In Canada, the taxable income of individual income tax is divided into four categories: wage income, operating income, investment income and asset appreciation income. The scope of taxation is wide, including commissions, tips and allowances paid by customers, self-employed income, pension benefits, government and private pensions, unemployment insurance benefits, domestic and foreign interest and stock dividend income, asset appreciation income, rental income, RRSP withdrawals, business income, lectures, academic research funds and grants.

Personal income tax is divided into federal tax and provincial tax (each province in Canada has its own tax rate regulations), and the final tax amount needs to be calculated together with these two taxes. The calculation of federal income tax is divided into four grades, which are revised with the annual inflation rate.

Further reading: Canadian immigration project costs

Investment immigrants in Saskatchewan

The applicant's household deposit is not less than 500,000 Canadian dollars, which is about 2.53 million yuan, and needs to be invested in projects designated by the Saskatchewan government. The amount varies according to different projects, not less than 200,000-300,000 Canadian dollars.

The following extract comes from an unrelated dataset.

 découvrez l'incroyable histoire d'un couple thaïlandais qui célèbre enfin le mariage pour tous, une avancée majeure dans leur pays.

Investment immigrants in Manetho.

The net assets of the family are not less than 350,000 Canadian dollars, which is about 6,543.8+0.77 million RMB. It is necessary to invest in projects of not less than 6,543.8+0.5 million Canadian dollars in Manitoba and participate in management. If the application is successful, you need to pay a deposit of 654.38 million Canadian dollars and return it later.

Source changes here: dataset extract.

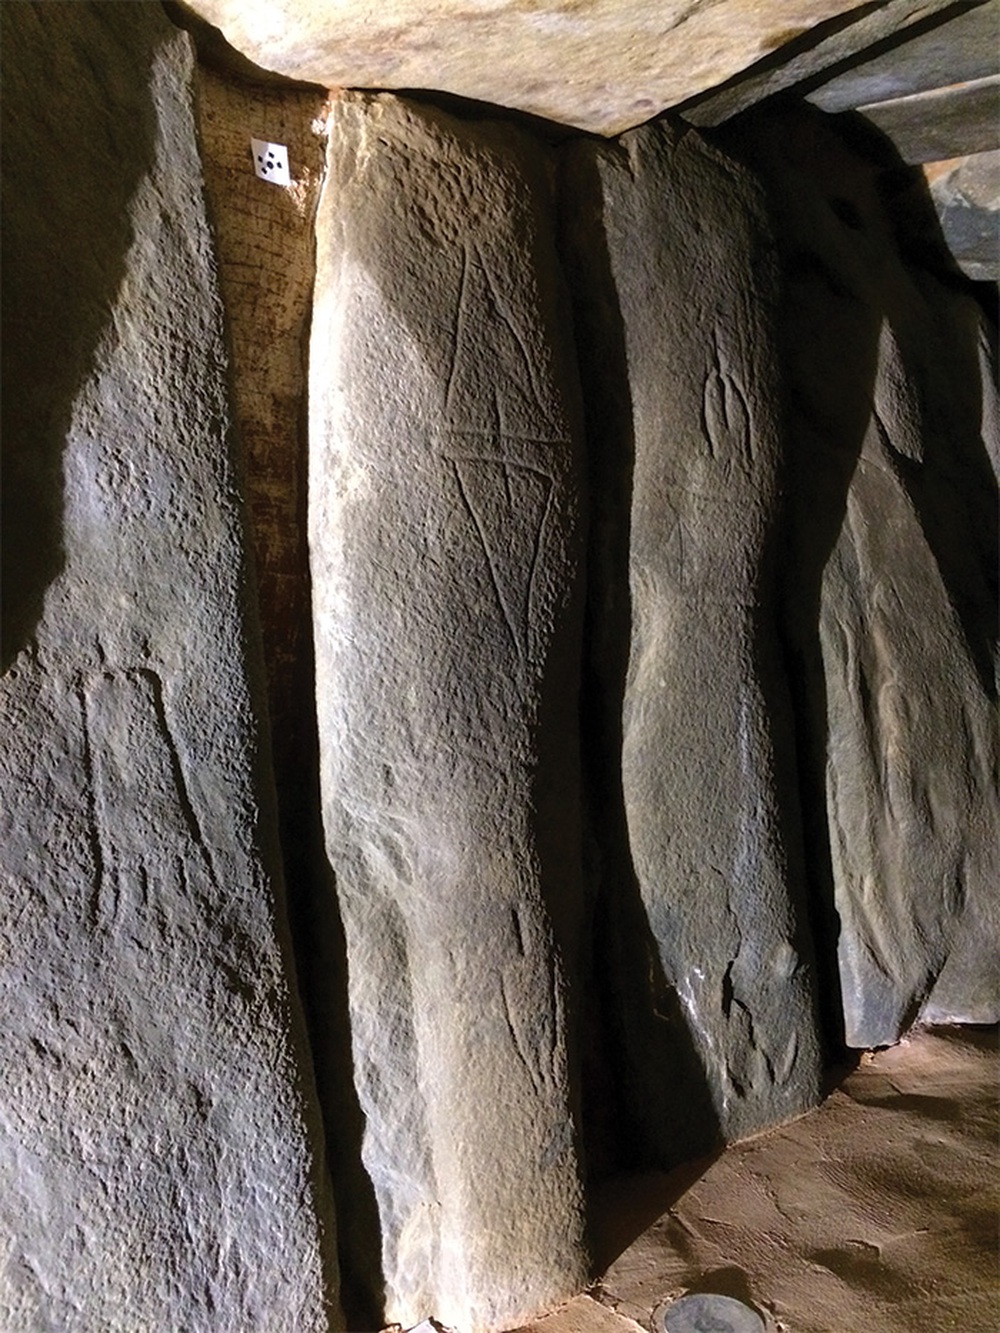 Bí ẩn mộ đá 5.000 năm tuổi ví như Stonehenge trong lòng đất ở Tây Ban Nha - Ảnh 5.

Quebec investment immigrants

The net assets of the family should be above 6.5438+0.6 million Canadian dollars, about 8.65438+0.2 million RMB. Invest in projects of 800,000 Canadian dollars or 220,000 Canadian dollars, of which 800,000 Canadian dollars can be returned to the principal after 5 years, and 220,000 Canadian dollars can be paid in one lump sum.

Prince Edward Island Investment Immigrants

Family assets are more than 600,000 Canadian dollars, about 3.04 million RMB. If you pay 200,000 Canadian dollars as the investment amount and guarantee, you can return it after the residence time is up.

1. Handling fee

Different immigration agencies charge different immigration fees, so applicants can make comparative screening before processing.

2. Visa fee: 250 Canadian dollars per person (about RMB 1270 yuan).

3. Landing fee: 490 Canadian dollars per person (about 2,500 yuan)

4. Translation fees and notarization fees: Different institutions charge different fees according to the amount of translation and notarization materials.

5. Medical examination fee: about RMB1000-2,000 yuan.